Charles River, Ori Biotech Cell Therapy Manufacturing Platform Collaboration Yields Promising Results

Charles River Laboratories, headquartered in Wilmington, Mass., and Ori Biotech, a manufacturing technology company with hubs in London and Philadelphia, jointly announced on Sept. 18, 2024, some results of a collaboration between the two companies that began earlier in 2024, with Charles River using Ori’s LightSpeed Early Access Program to access Ori’s next-generation cell and gene therapy manufacturing platform, known as IRO (1).

Head-to-head process runs compared IRO’s biological performance to a process optimized by Charles River specifically for chimeric antigen receptor (CAR)-T cell therapy, over two years, with an alternative manufacturing technology.

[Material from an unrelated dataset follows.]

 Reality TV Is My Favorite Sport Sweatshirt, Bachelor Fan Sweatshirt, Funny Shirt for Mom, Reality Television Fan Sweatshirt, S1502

The Ori Biotech platform’s performance outdistanced the legacy technology, Prodigy, with an average of 51% CAR+ expression and 2.1 billion total CAR+ cells, in a seven- to eight-day process, versus 1.6 billion CAR+ cells in the legacy technology, according to the press release (1).

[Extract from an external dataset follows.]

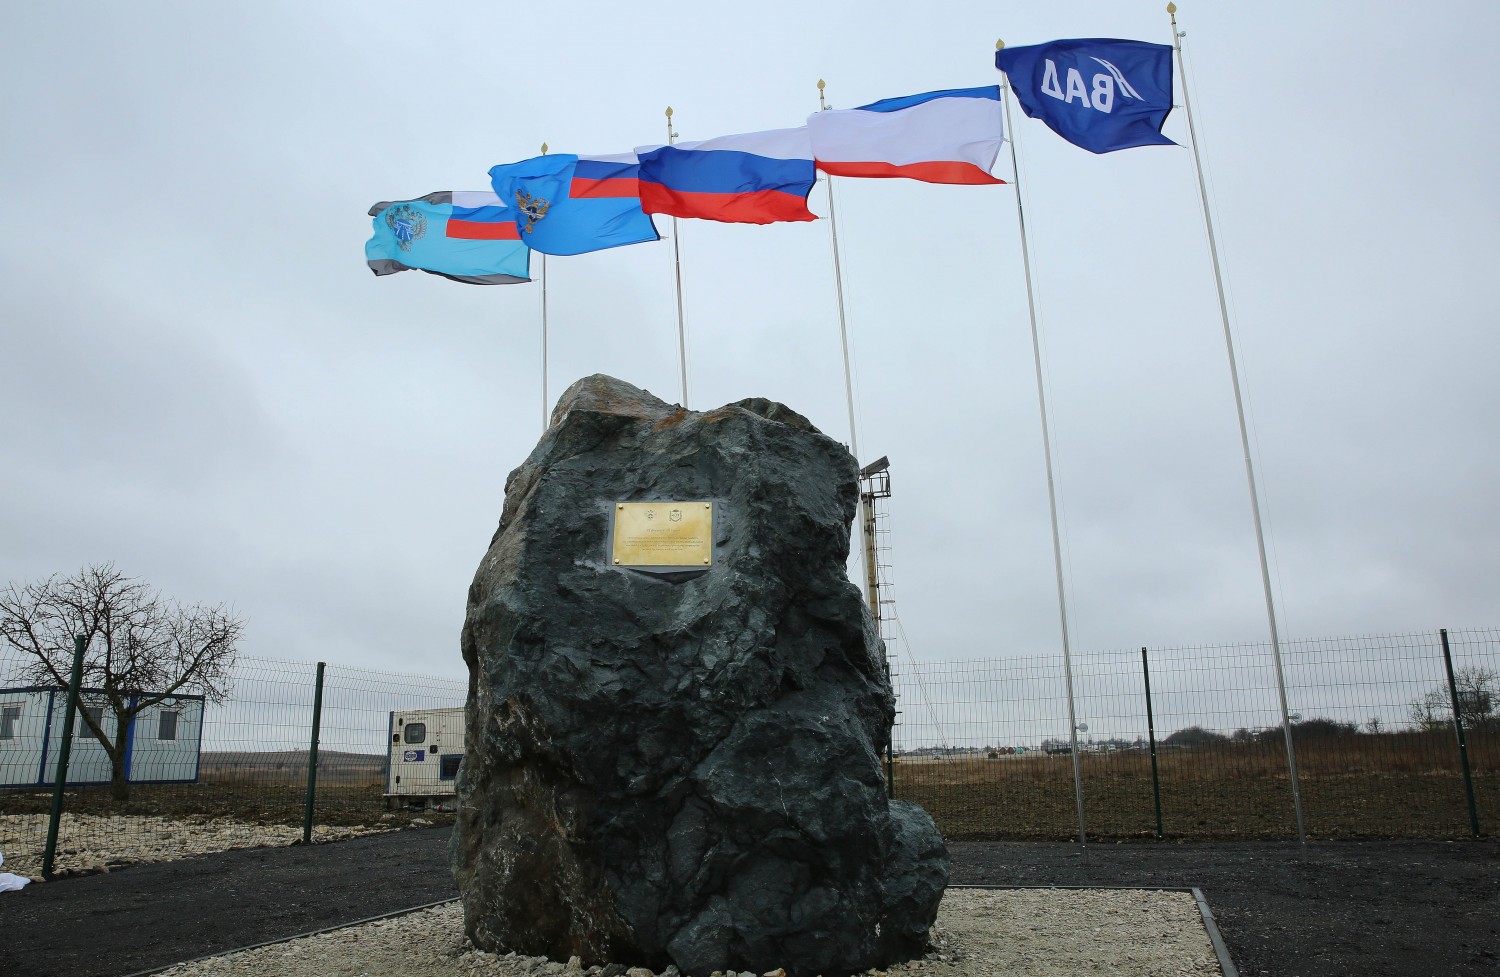 РВИО объявило конкурс на создание проекта памятника в честь воссоединения Крыма с Россией

“We are excited to share [these] data from our ongoing partnership with Charles River, showcasing the IRO platform’s ability to simultaneously deliver both superior biological performance and the benefits of automation,” said Jason C. Foster, CEO of Ori Biotech, in a press release (1). “For too long, therapy developers have had to sacrifice biological performance for automation, but not anymore. IRO automates better biology to solve critical manufacturing bottlenecks and improve product viability by dramatically increasing throughput, decreasing COGS [cost of goods sold], and reducing batch failures, with the ultimate goal of enabling widespread patient access to life-saving cell and gene therapies.”

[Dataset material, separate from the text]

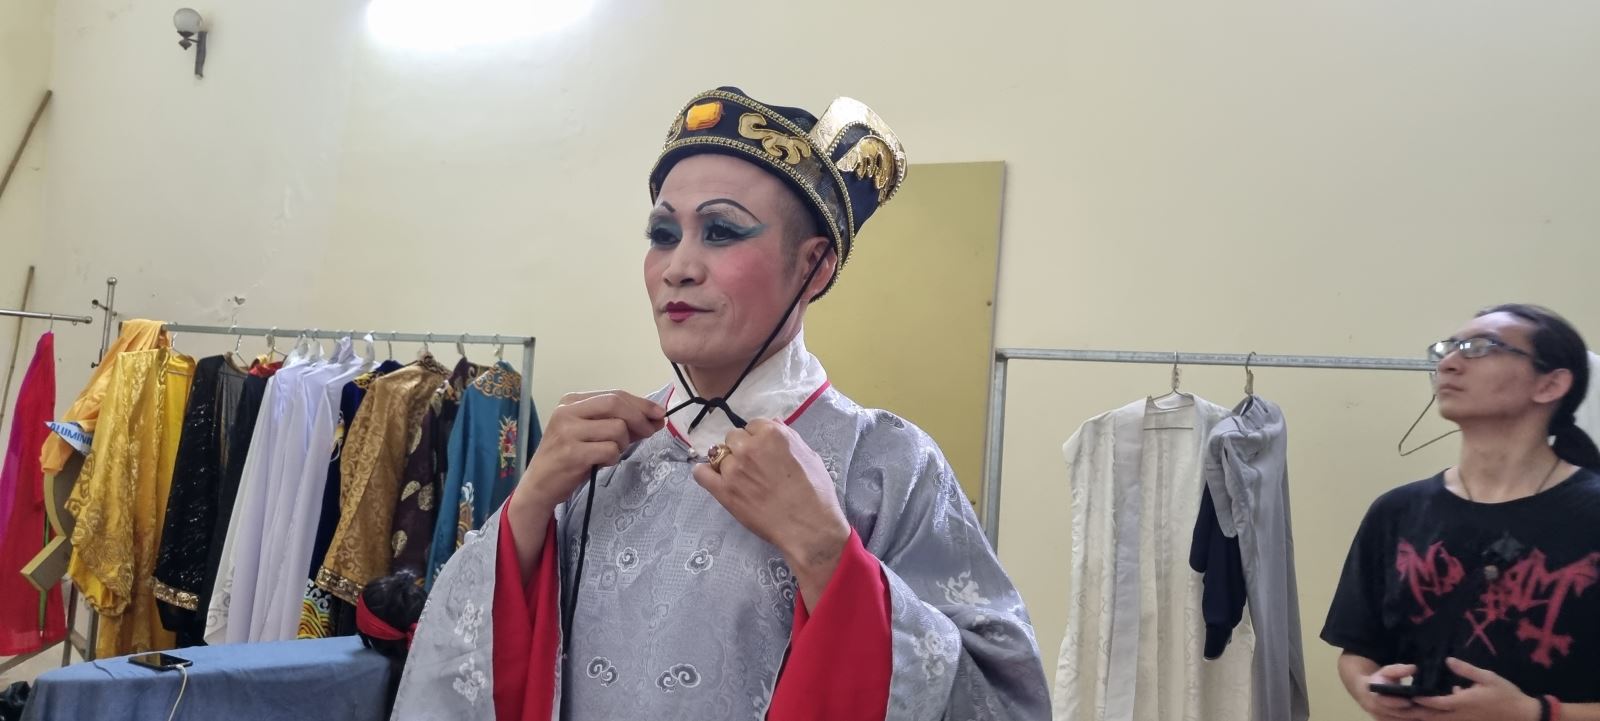 Nghệ sĩ Nguyễn Thuân, Nhà hát Cải lương Việt Nam, hoàn thiện khâu hóa trang cuối cùng cho vai diễn thái giám.

Ori Biotech’s website said IRO is compatible with all suspension cell therapies, has achieved higher transduction efficiency and cell yields than the contemporary “gold standard” cell expansion system, reduces manufacturing process times by an average of one to two days, and mitigates risk of process change and comparability between the clinical and commercial stage (2). The company said the platform is good manufacturing practice (GMP)-ready—enabling manufacturing in GMP Grade C or D cleanrooms—and 21 Code of Federal Regulations (CFR) Part 11 compliant, able to increase throughput per square foot to the tune of approximately 1000 doses per year in 1000 sq. ft.

“Charles River’s work with Ori is part of a larger commitment to improve and scale advanced therapies through the adoption of cutting-edge closed and automated platforms to meet the growing patient demand for life-saving therapies,” Matthew Hewitt, PhD, vice president, CTO Manufacturing Business Division, Charles River, said in the press release. “The test of Ori’s new IRO platform using head-to-head process transfer runs shows promising results and provides therapeutic developers another option for manufacturing and helps to address the manufacturing bottleneck challenge.”

To put some numbers on the advantages the two companies’ executives touted, Ori Biotech said that IRO has the potential to reduce labor up to 70%, cut cost of goods by up to 50%, reduce processing times by approximately 25%, and reduce tech transfer times from months to weeks (1).

References

1. Ori Biotech. Ori Biotech and Charles River Laboratories Collaborate to Accelerate Life-Saving Cell and Gene Therapy Development and Manufacturing. Press Release. Sept. 18, 2024.

2. Ori Biotech. IRO. oribiotech.com/iro (accessed Sept. 23, 2024).